SARS-CoV-2 infects human cells by binding its infamous spike protein to the human angiotensin-converting enzyme 2 (ACE2) receptor. A protein on the surface of cells, ACE2 provides an entry point for the virus.
“We kept testing our decoys against the new variants, and they just kept working.”
— Neha Kamat
To design decoy nanoparticles, the Northwestern team used nanosized particles (extracellular vesicles) naturally released from all cell types. They engineered cells producing these particles to overexpress the gene for ACE2, leading to many ACE2 receptors on the particles’ surfaces.
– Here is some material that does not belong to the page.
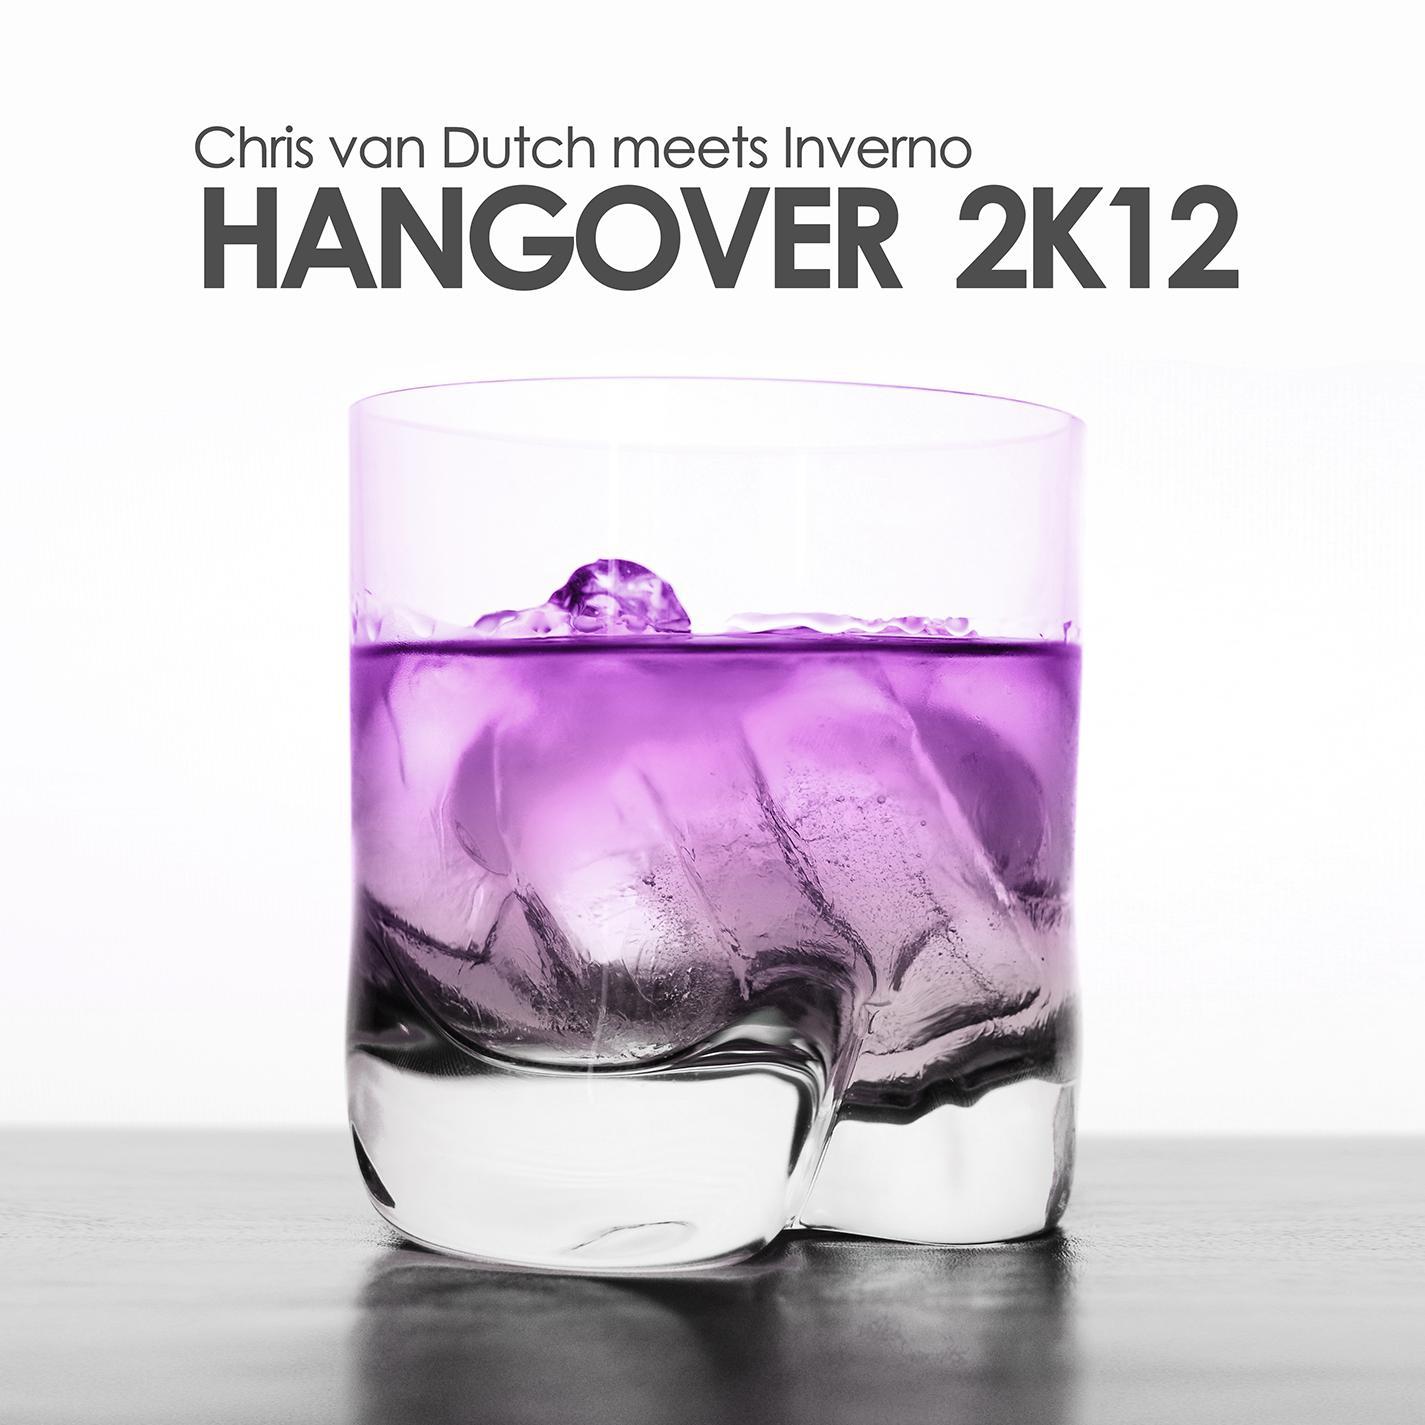 Chris Van Dutch - Hangover 2k12 (Chris van Dutch meets Inverno) (Extended Mix)

When the virus came into contact with the decoy, it bonded tightly to these receptors rather than to real cells, rendering the virus unable to infect cells.
“For the virus to get into a cell, it has to bind to the ACE2 receptor,” Leonard said. “Decoy nanoparticles present an evolutionary challenge for SARS-CoV-2. The virus would have to come up with an entirely different way to enter cells in order to avoid the need to use ACE2 receptors. There is no obvious evolutionary escape route.”
In addition to being effective against drug-resistant viruses, decoy nanoparticles come with several other benefits. Because they are biological (rather than synthetic) materials, the nanoparticles are less likely to elicit an immune response, which causes inflammation and can interfere with the drug’s efficacy. They also exhibit low toxicity, making them particularly well-suited for use in sustained or repeated administration for treating severely ill patients.
When the COVID-19 pandemic began, researchers and clinicians experienced an unnerving gap between discovering the virus and developing new drugs to treat it. For the next pandemic, decoy nanoparticles could provide a quick, effective treatment before vaccines are developed.
“The decoy strategy is one of the most immediate things you can try,” Leonard said. “As soon as you know the receptor that the virus uses, you can start building decoy particles with those receptors. We could potentially fast-track an approach like this to reduce severe illness and death in the crucial early stages of future viral pandemics.”
Reference: “Elucidating Design Principles for Engineering Cell-Derived Vesicles to Inhibit SARS-CoV-2 Infection” by Taylor F. Gunnels, Devin M. Stranford, Roxana E. Mitrut, Neha P. Kamat and Joshua N. Leonard, 7 April 2022, Small.
The study was supported by the National Science Foundation (grant numbers 1844219 and 1844336) and a gift from Kairos Ventures.